« September 2015 | Main | November 2015 »

More chart drama, and data aggregation

Robert Kosara posted a response to my previous post.

He raises an important issue in data visualization - the need to aggregate data, and not plot raw data. I have no objection to that point.

What was shown in my original post are two extremes. The bubble chart is high drama at the expense of data integrity. Readers cannot learn any of the following from that chart:

  • the shape of the growth and subsequent decline of the flu epidemic
  • the beginning and ending date of the epidemic
  • the peak of the epidemic*

* The peak can be inferred from the data label, although there appears to be at least one other circle of approximately equal size, which isn't labeled.

The column chart is low drama but high data integrity.

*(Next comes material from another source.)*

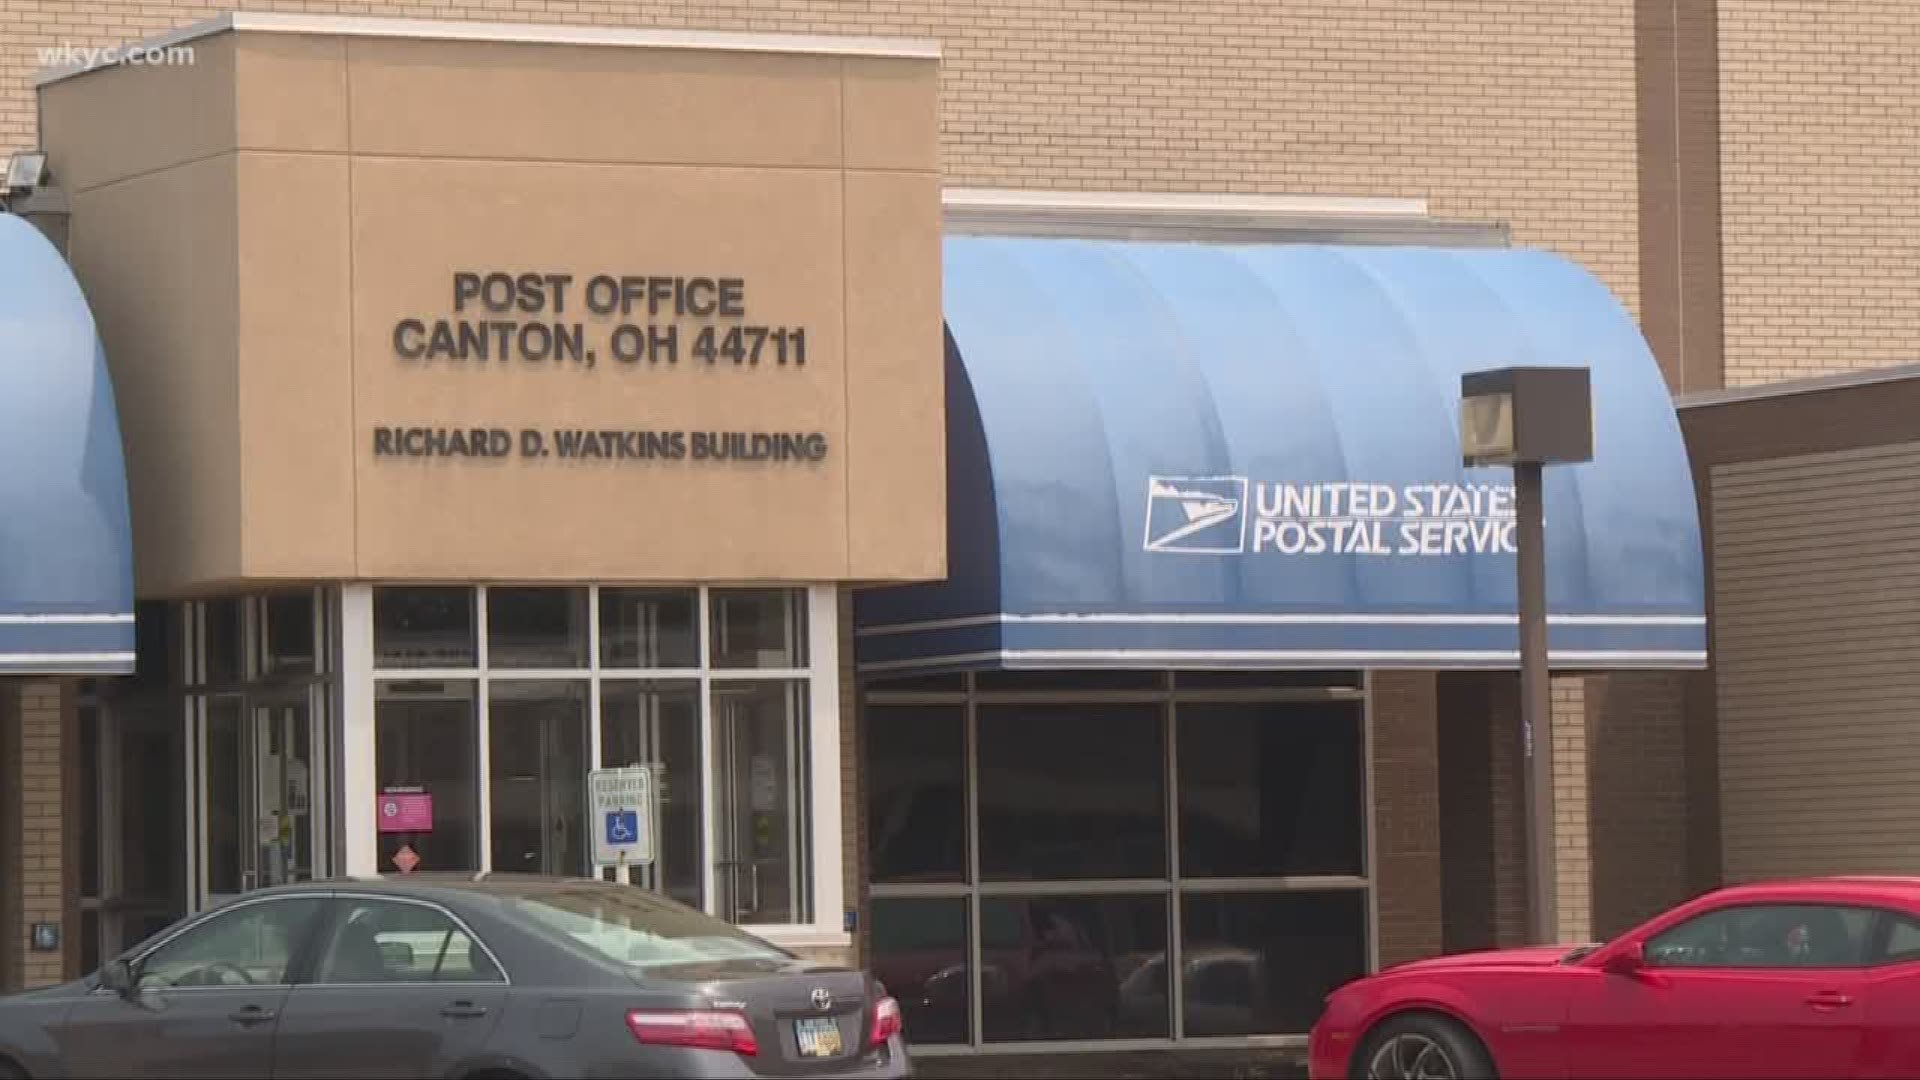 Police in Canton say three mail carriers reported suspicious activity on their routes — drawing attention to their safety. One mail carrier reported being watched by someone in a vehicle and another two said they were approached and asked to get into a car.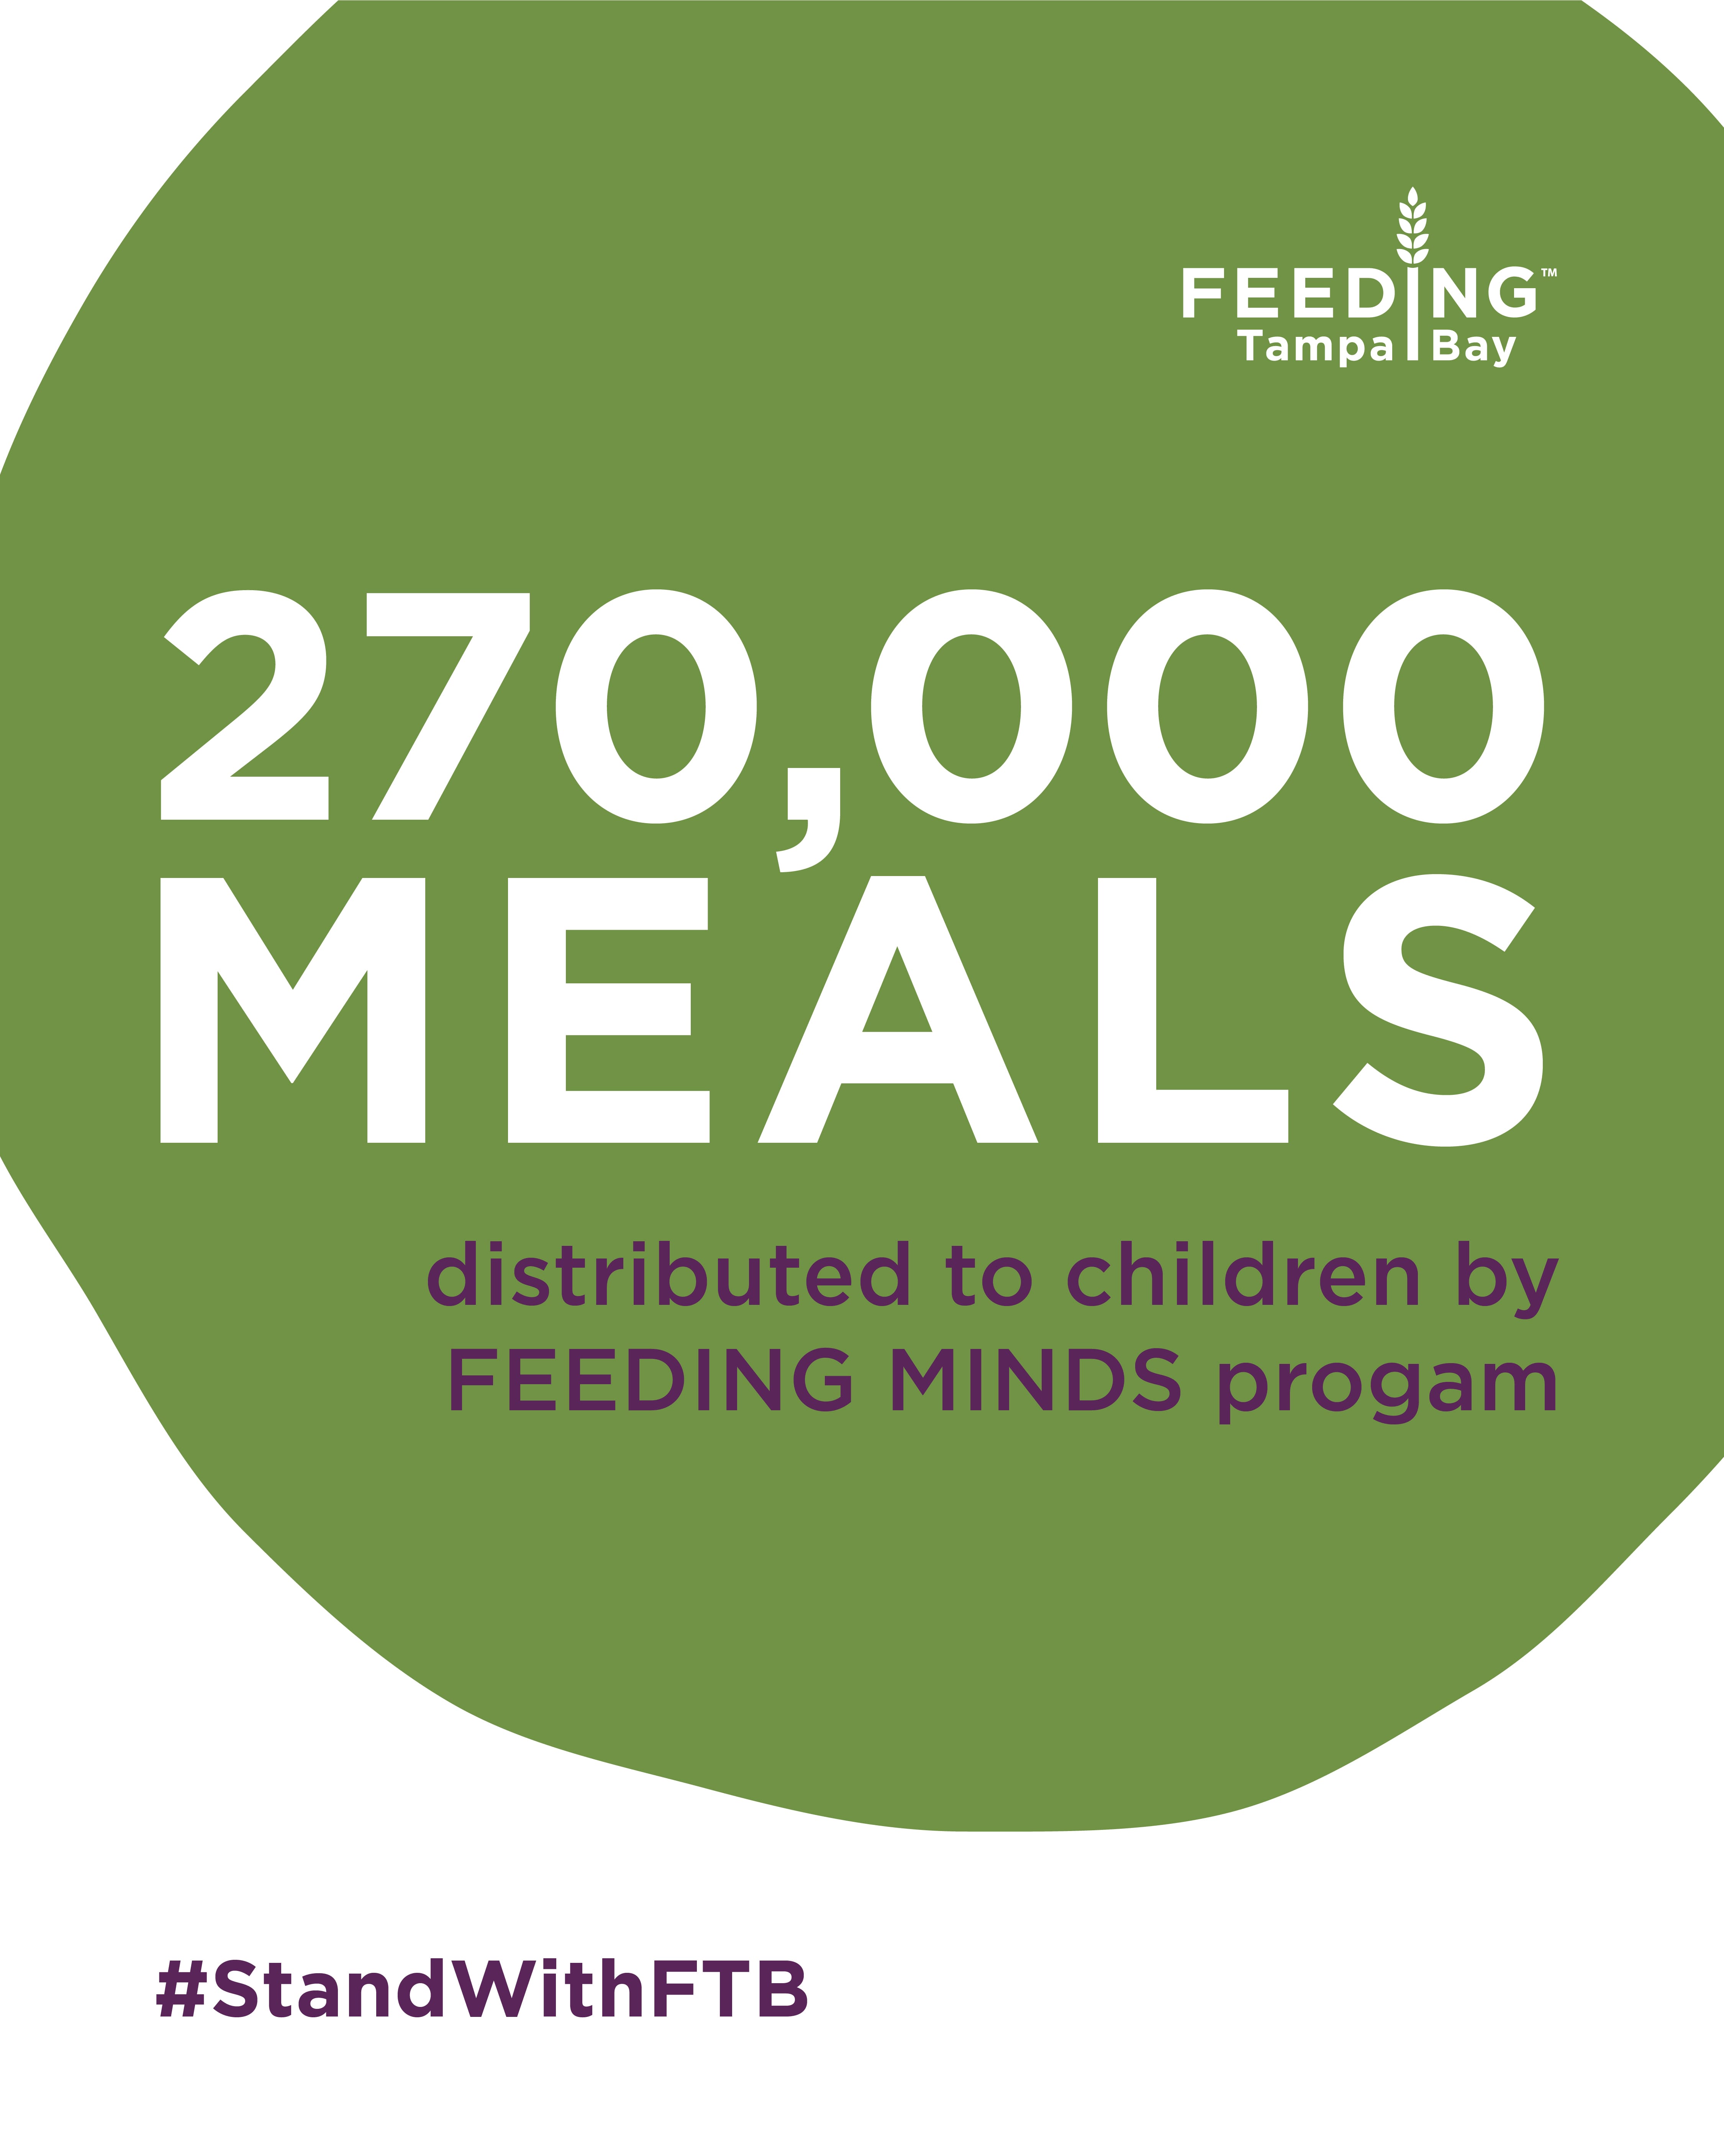 Graphic stating 270,000 meals distributed to children by feeding minds program

To retain some dramatic element, I encoded the data redundantly in the color scale. I also emulated the original chart in labeling specific spikes.

The designer then simply has to choose a position along these two extremes. This will involve some smoothing or aggregation of the data. Robert showed a column chart that has weekly aggregates, and in his view, his version is closer to the bubble chart.

Robert's version indeed strikes a balance between drama and data integrity, and I am in favor of it. Here is the idea (I am responsible for the added color).

Kosara_avianflu2

***

Where I depart from Robert is how one reads a column chart such as the one I posted:

Redo_avianflu2

Robert thinks that readers will perceive each individual line separately, and in so doing, "details hide the story". When I look at a chart like this, I am drawn to the envelope of the columns. The lighter colors are chosen for the smaller spikes to push them into the background. What might be the problem are those data labels identifying specific spikes; they are a holdover from the original chart--I actually don't know why those specific dates are labeled.

***

In summary, the key takeaway is, as Robert puts it:

the point of this [dataset] is really not about individual days, it’s about the grand totals and the speed with which the outbreak happened.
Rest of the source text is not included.